# Huron trolling this weekend?



## Outta Control (Aug 10, 2016)

Does anyone think the ice at Huron will melt and trolling is an option this weekend. Thanks for any info


----------



## Smithwickrogue20 (Dec 29, 2016)

Looks like light N-NE winds, wonder if the launch is ice free and the water in the lake isn't mud?


----------



## JerryA (Aug 16, 2004)

I keep reading these posts and think maybe folks are pushing the envelope too far going out with ice on the water and these frigid conditions - think Titanic. Are walleyes, even if they are hogs, worth the risk to your boat and your life? I'm a tough guy and will hunt in almost any weather but, I ain't in a boat on Lake Erie.

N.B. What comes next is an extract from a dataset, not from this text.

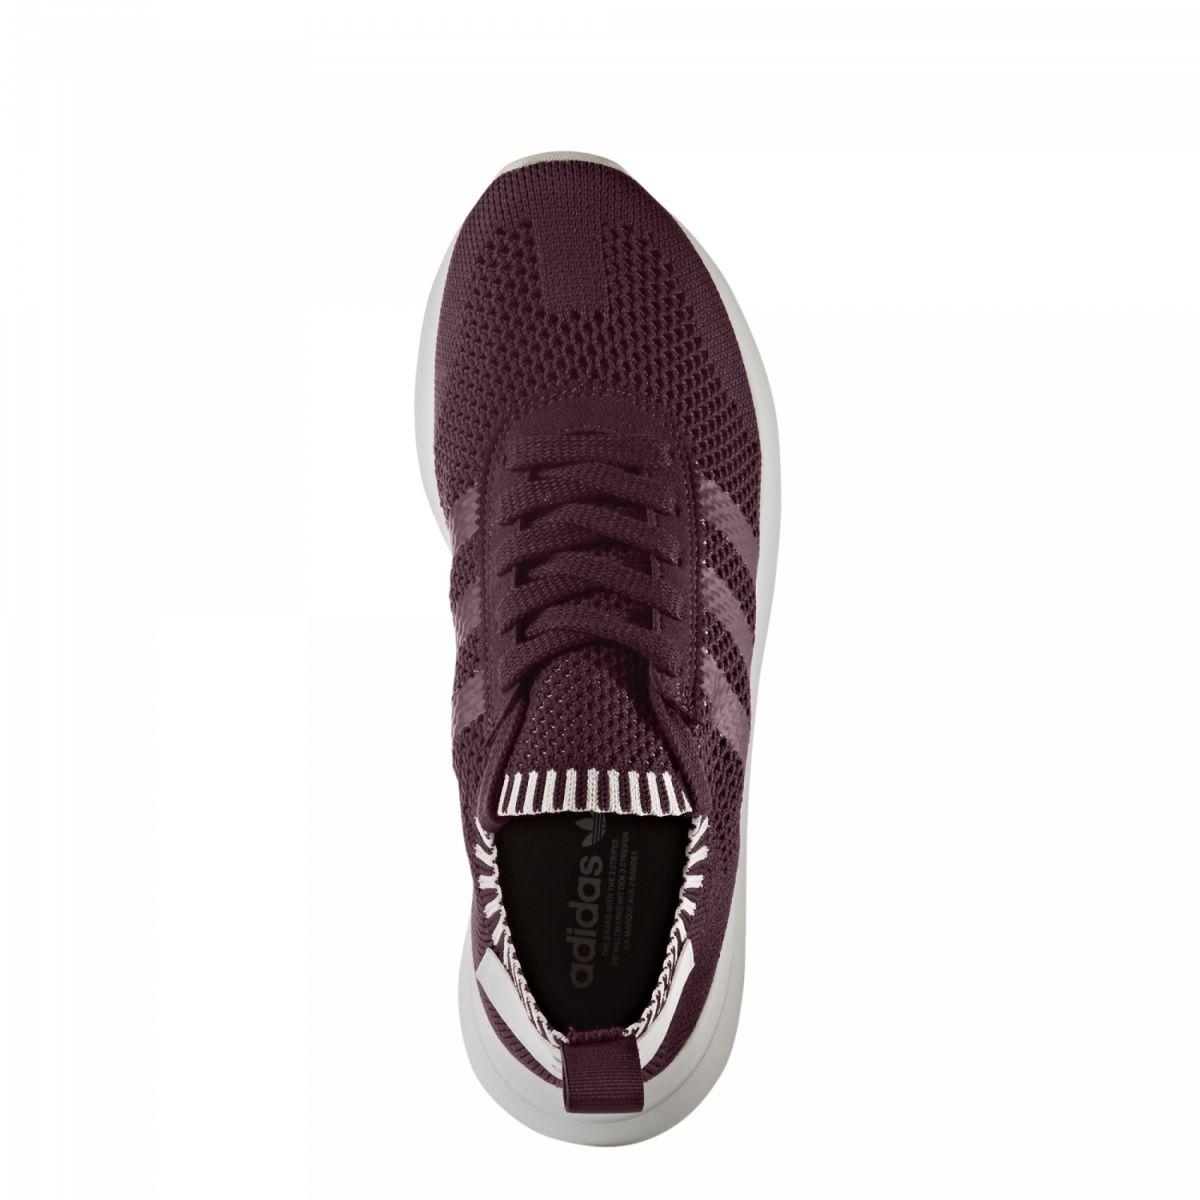 sport klingenmaier adidas flashback primeknit damen. Black Bedroom Furniture Sets. Home Design Ideas

Okay, you can FLAME me now, which will probably melt all the ice and you can definitely get out this weekend -ha,ha.


----------



## Smithwickrogue20 (Dec 29, 2016)

Is there ice out there? That's my only question. I'm 3.5 hours away, I wish there was a Web cam on the harbor launch and the end of the channel by the lake that would save a lot of questions lol!!
I have diddly squat to do this weekend, I'd love to be out there!!

Sent from my SM-G920P using Tapatalk


----------



## idontknow316 (Mar 21, 2008)

Still locked up at the Huron ramp.


----------



## Outta Control (Aug 10, 2016)

idontknow316 said:


> Still locked up at the Huron ramp.


Thanks for the update!


----------



## Jim Stedke (Dec 5, 2005)

Area will be hit by training storms today. River will have a significant flow for the 1st time this fall. It will dirty up the area we fished last week. But will also likely open up the ramp. Should bring the fish inside, but it will be a few days to clear up.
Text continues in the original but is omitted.